Mikey Moore may be playing a semantic game, though. Are we paid to deny claims? In one respect, absolutely! We are paid to administer a health plan, and to deny claims that are incorrectly submitted, against policy guidelines (cosmetic, for example), and experimental. That’s one of the benefits we bring to the client. We know which claims are not to be paid.

Another semantic game? When we used to pay claims “back in the day”, we pended claims with not enough information (or incorrect info). Nowadays, we deny them, and wait to provider replies. It’s very clear (on the EOB) that we’re denying until we receive better info. Claims processors are reviewed on how many claims they process (quantity AND quality) per day. Coudl you construe that to mean they’re compensated to deny claims? Possibly, but I think it’s a weak argument.

-Cem

My husband and I refinanced our home recently and we keep getting offers for insurance to pay off the loan in case one of us kicks the bucket. This would be fantastic as my husband is a Shit Magnet and most certainly will die from a freak accident someday. The problem is the only situation any of these offers cover is if you are crossing the street stone cold sober, get hit by a truck and die immediately. If you don’t die and linger for some six months or get an infection from the injury and then die, you don’t get squat. Or if you took a couple prescribed pills before the truck hit you, you get nothing, much less if you were walking home from the bar becasue you had a few and didn’t think you should drive. Each has many more exclusions. Why would ANYONE sign up? They usually run about $30 bucks a month, but with no medical screening. Woo-hoo.

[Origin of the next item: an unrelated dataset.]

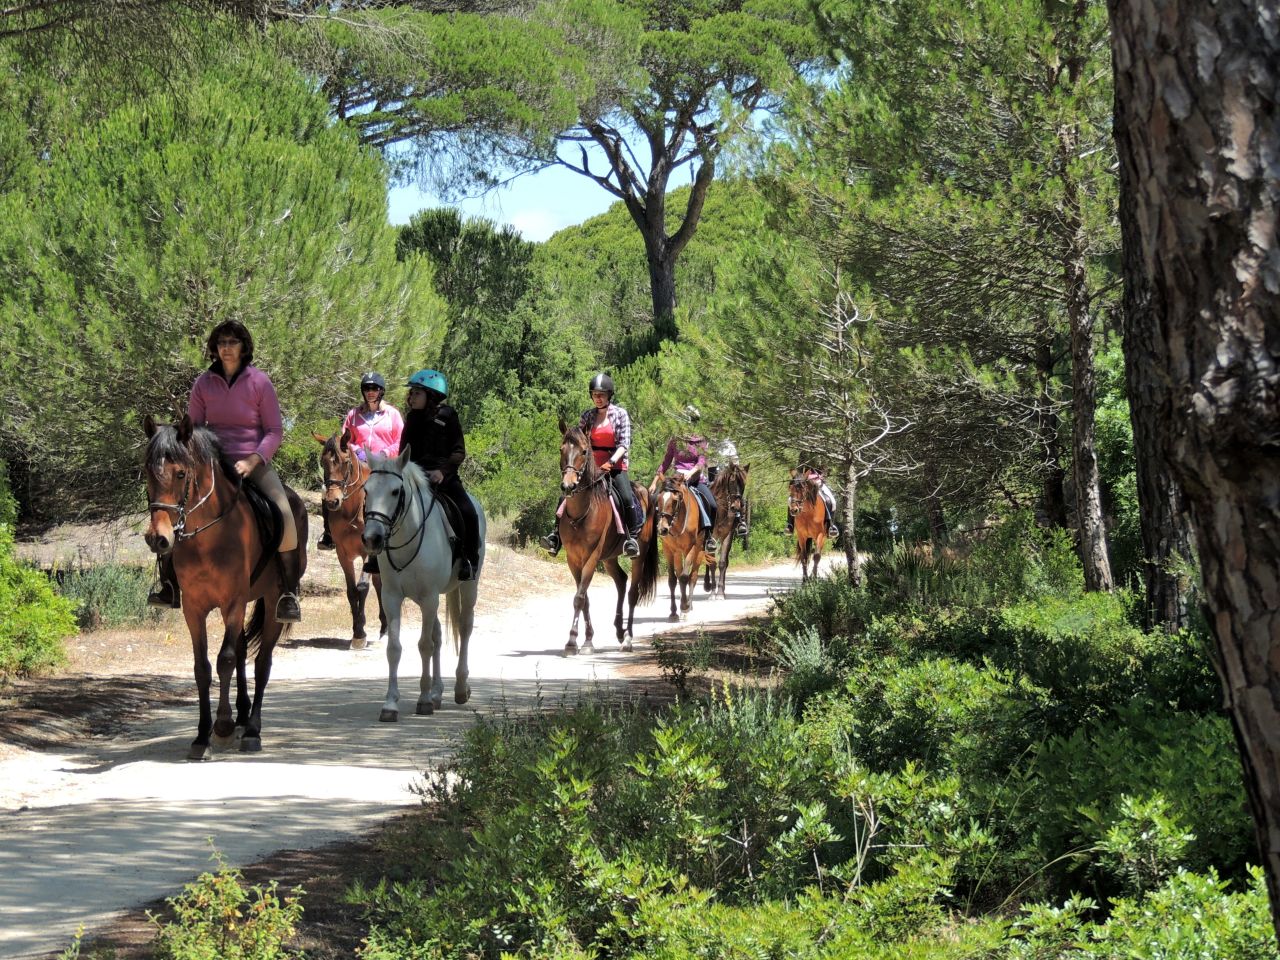 As well as the unspoilt beaches of the Costa de la Luz, there are coastal trails through pine forests, offering tranquility and a counterbalance to the exhilaration of galloping across the sand flats and  breakers.

Sorry - I forgot I had posted a question!

Yes to both you guys, that does explain the process much better. I get so frustrated when I get told that yes, we cover that but make sure your doc codes it as XXX because most people code it as YYY and we won’t cover it that way. It all has a very “wink, wink, nudge nudge” feel to it (hold your hand to left when you sign, that’s the secret to getting the claim paid!) but I think the reason I get frustrated is because I look at it as a personal irritation, and not part of a larger picture. Which I bet is the case for most insurance irritations.

Thanks guys!

ETA - wonder what I can get that would be medically referred to as XXX, cause that sure sounds fun!